Services that will, at a minimum, allow the user to rapidly and easily put data into useful form, no matter what the underlying format. Ideally, there will be generic software that can interpret a variety of formats and produce listings and plots (as in CDAWeb or SPIDR, for example, but generalized) as well as a library of routines that will provide value-added features for each data product (as is done by SolarSoft for many solar observations). These services can be Web-enabled and chained, as done by CoSEC.
Higher-order search capabilities. Ultimately we would like to be able to pose questions such as Òwhen was there a spacecraft in the magnetopause and gathering data when a CME was arriving.Ó One important approach to this type of problem is to provide uniform access to Event Lists (or Catalogues; EGSO is beginning to do this) that will include detailed data availability listings as well. Other important aspects will be model-based spacecraft location determinations (as in SSCWeb), and the use of survey-level data (as in OMNIWeb) to find, for example, regions of low solar wind density by direct examination of the data. Again, these capabilities can be Web-service enabled such that intervals found from event catalogues can be passed to the brokers.
Success will also require users' guides for each product designed to help cross-disciplinary users understand the typical applications of the product and how to use the data for each application. These will also serve as guides to use for the long-term, when the PI teams are no longer available for consultation. The long-term guides may need extra information on data reduction, etc. Of course, the above technical plan must also be complemented by plans for long-term (active) archiving of datasets and software.
Given the above, the most important things to be done now are:
* Identifying and developing needed, as yet inaccessible or incomplete data products.

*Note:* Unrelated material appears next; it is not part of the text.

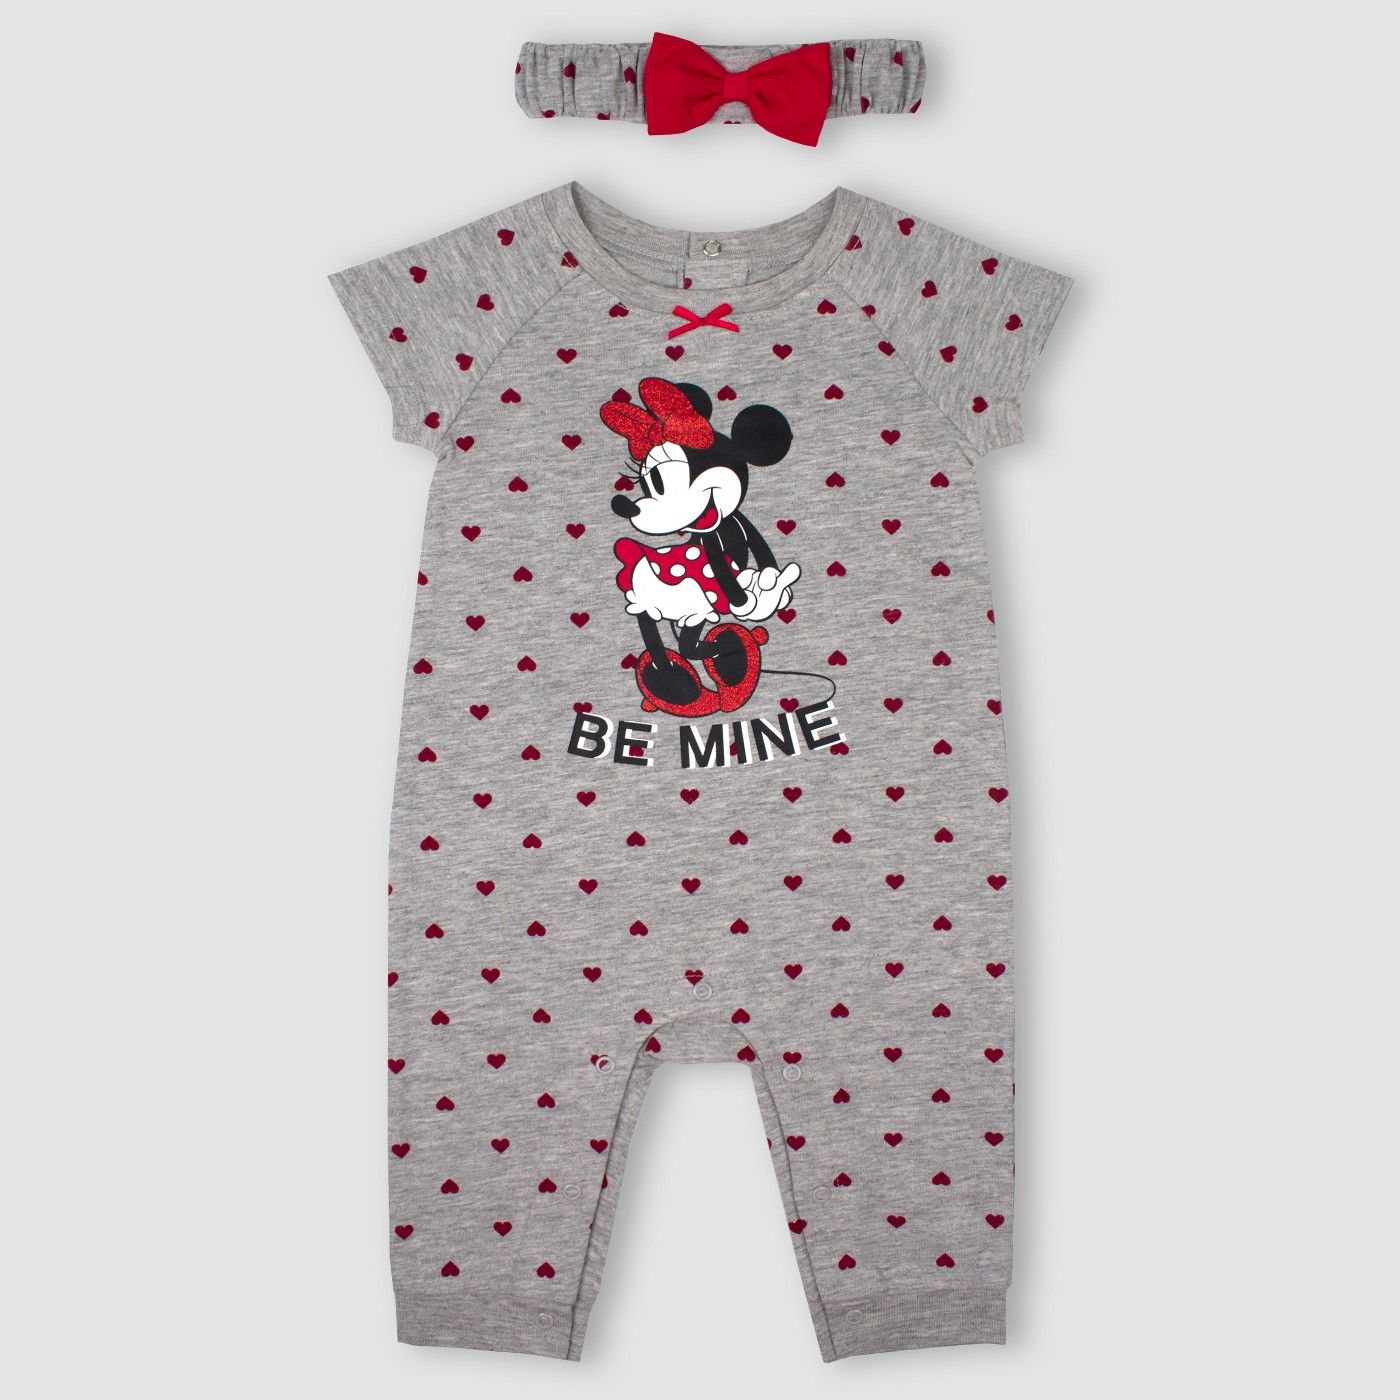 Character Wear Minnie Mouse Playsuit Girls Grey Short Jumpsuit

* Automating data reduction for both on-the-fly and preprocessed products.
* Deciding on a Data Model to facilitate Registry construction and data access.
* Identifying and registering all relevant products. Making this easy.
* Enabling repositories to be queryable. Developing a cookbook for this.
* Developing and making available means to use the datasets, independent of format.
* Refining and extending the current prototypes for brokers.
* Refining/reinventing and extending current front-ends, based on user feedback and comparison of many existing services.
Longer term efforts will develop more capable services and search capabilities, as well as APIs to allow tailored product/service access.